Brian Moree, QC, is sworn in as Chief Justice at Government House. Looking on is Cornelius A Smith, Deputy to the Governor General. Photo: Shawn Hanna/Tribune Staff
By RASHAD ROLLE
Tribune Staff Reporter
ADDRESSING delays in the legal system and a court backlog will be priorities for the country’s newest chief justice, Brian Moree, QC. He spoke to reporters shortly after he was sworn in as chief justice during a ceremony at Government House yesterday.
“It’s very humbling and I’m very grateful to have the opportunity to serve my country through this appointment,” he said. “I am profoundly of the view that we need in the private sector to be prepared to do some public service for our country. I see it as an opportunity in a small way to make a contribution to the ongoing development of the court system, the administration of justice and I would hope that at the end of it we would have left it just a little bit better than when we met it, but others would have to decide that at the appropriate time.”

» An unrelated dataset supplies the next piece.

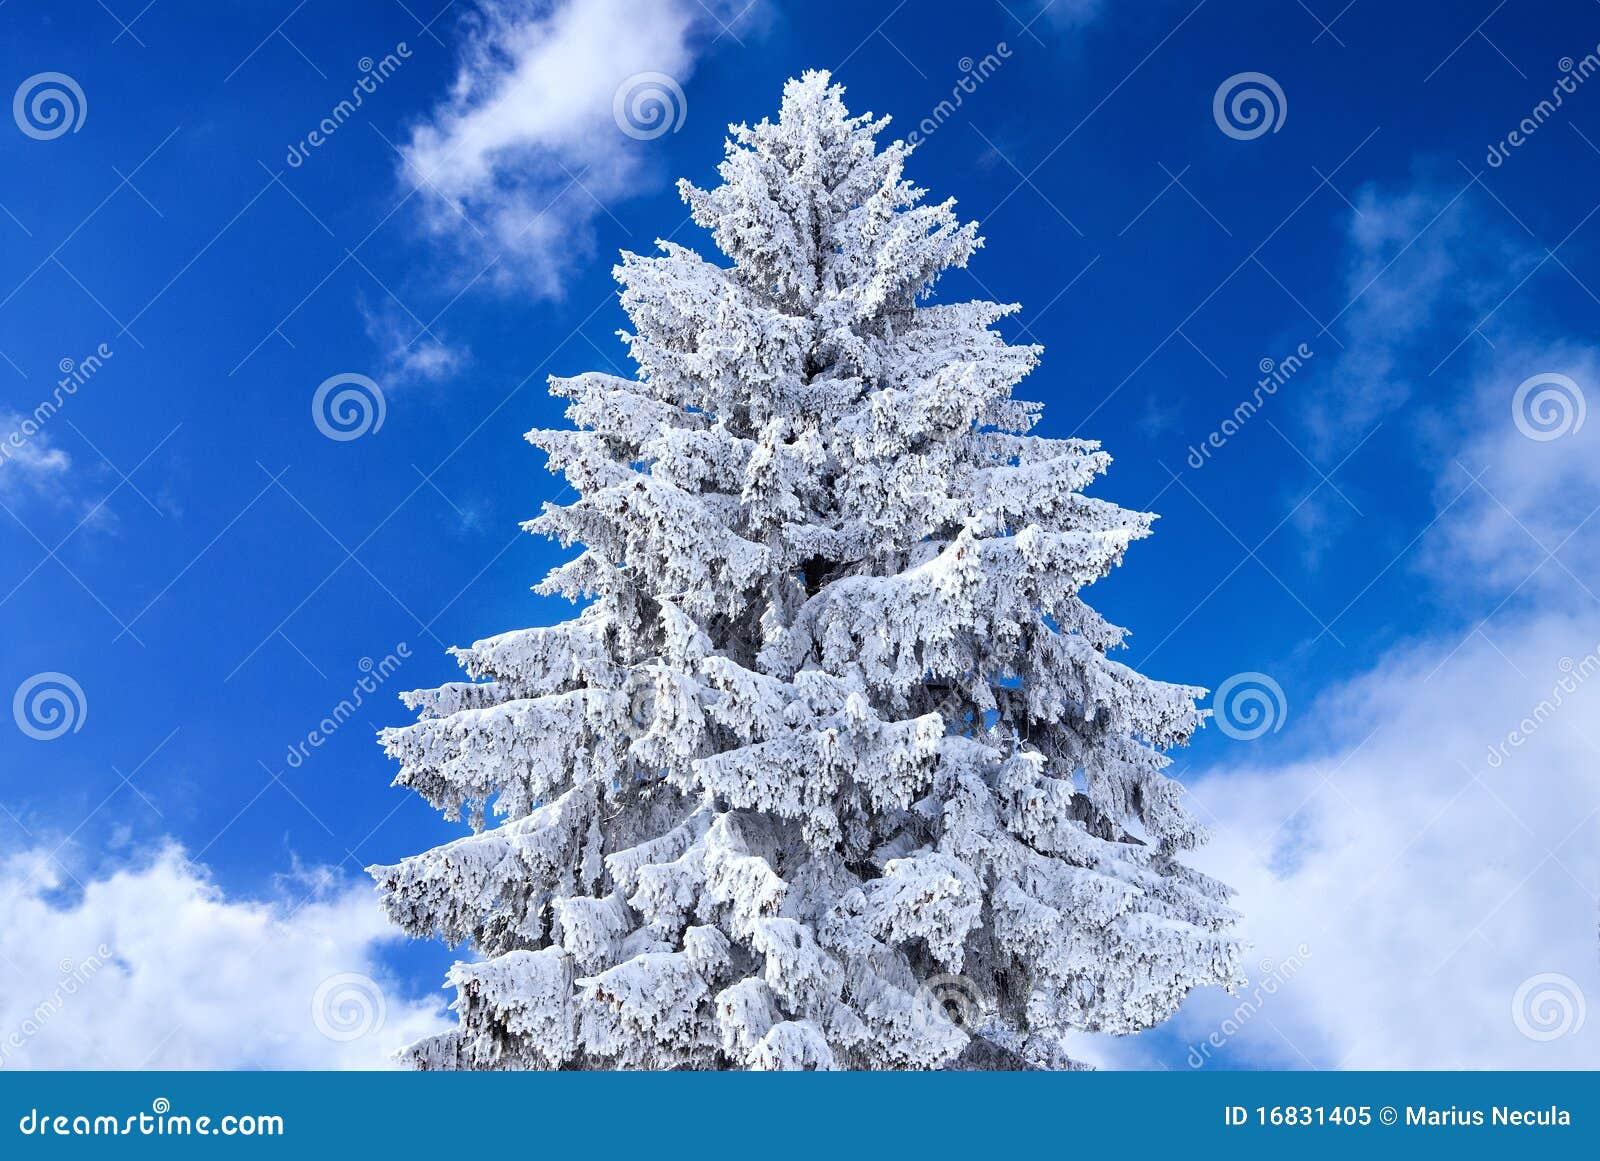 weihnachtsbaum abgedeckt im schnee lizenzfreies stockfoto. Black Bedroom Furniture Sets. Home Design Ideas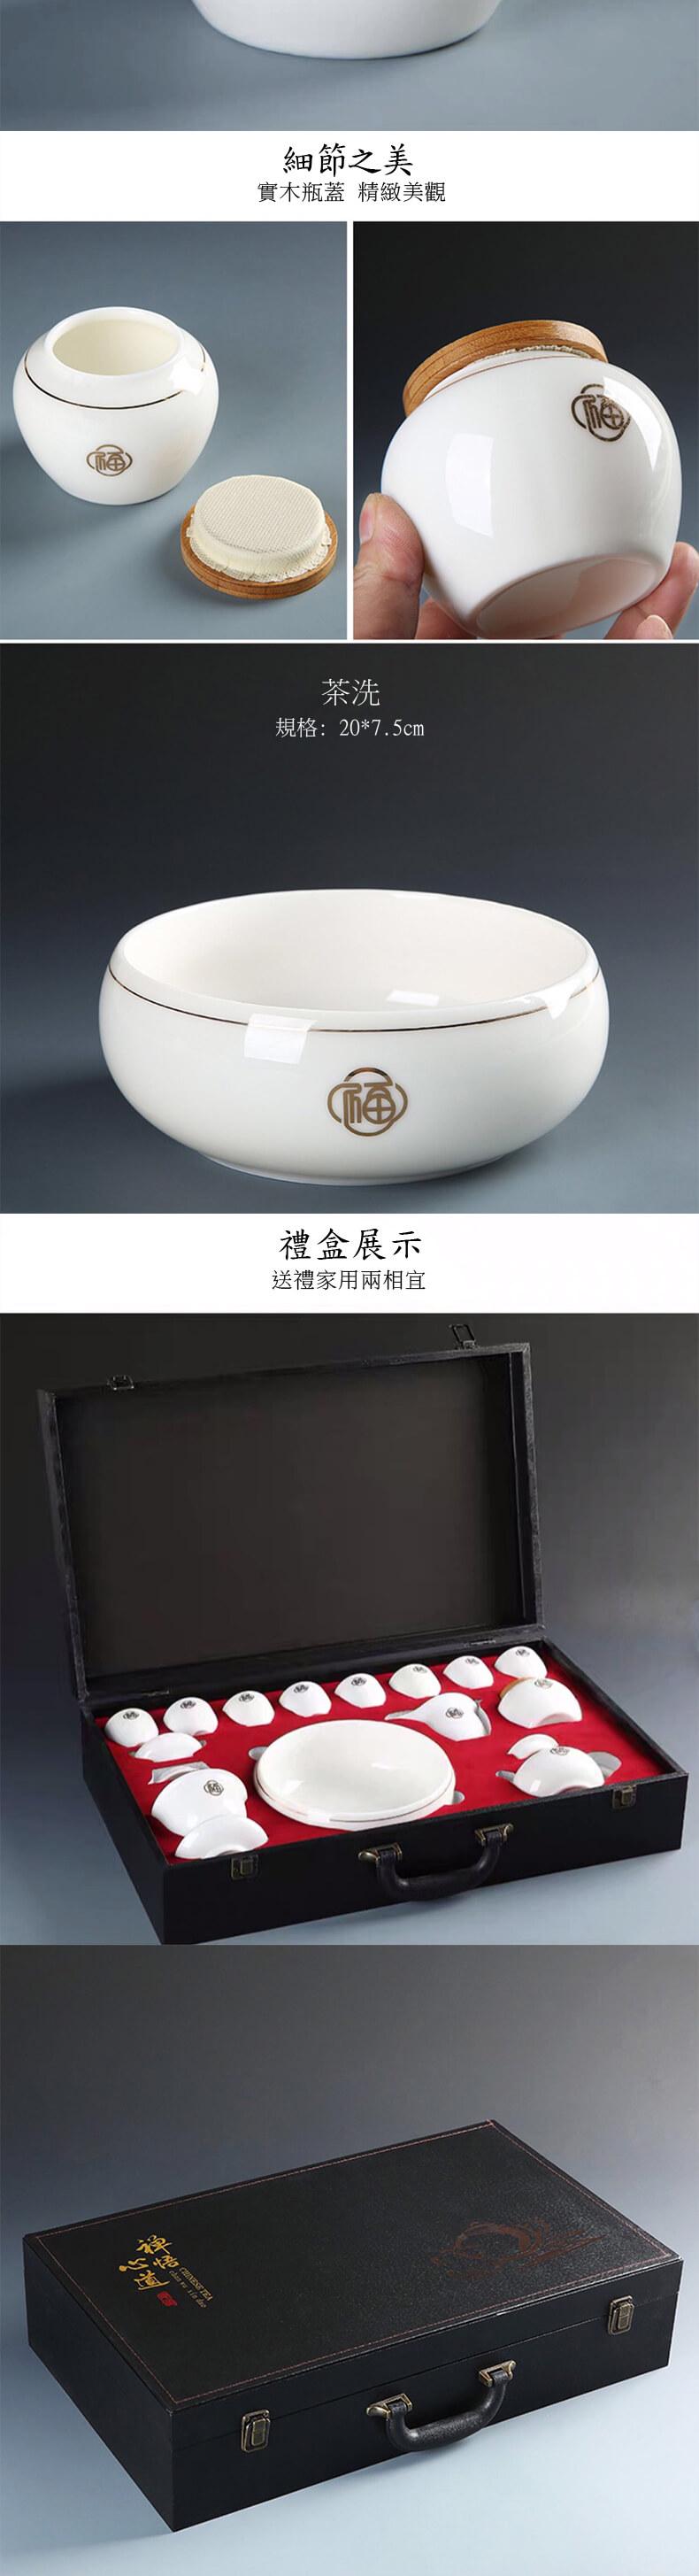 簡約白瓷茶具套裝_06.jpg

Mr Moree was a senior partner at McKinney, Bancroft and Hughes. He did not specify his plans for the judiciary but foreshadowed significant reforms.
“The judiciary is a co-equal branch of government,” he said. “It’s not just another department. So we have got to see if we can get an allocation of resources which is consistent with the status of the judiciary under our constitution.
“We do need major reforms, we do need changes and we intend to address these challenges in the short term. I don’t think it’s going to be business as usual. We do have an agenda of items. We’re going to be working with all the stakeholders involved in the administration of justice to see if we could make some substantive changes to the way we conduct business at the present time.
“The only other thing I would say at this early stage is we seriously need to address the various public registers of the courts, what I call the back offices of the court. They are in need of substantial upgrading. We’re going to have to address that in the first several months going forward and we hope we will be able to make changes to make it efficient, convenient for the Bahamian public and it will also help us with case management as we seek out how we are going to move all the files and the papers and processes. Also, the magistrate’s courts are in need of major reforms and so we’re going to be speaking to the chief magistrate and her colleagues and see what we could do in the short-term.
“We’ve got to look at the delays and backlogs. Every court system in the world has a problem related to high volume and case load. We have to try look at that with fresh eyes and we expect to look at that over the next several months, come up with some new ideas about how to better manage that in order to deliver services to the Bahamian public in a better and more efficient way.”
Mr Moree said his team will assess the manpower needs of the judiciary.
“We’ll be assessing that and I’l be consulting with the chief magistrate, the judges and the various registrars to see whether we can come up with a proposal in terms of what resources and personal we need in order to improve our court system at the moment,” he said.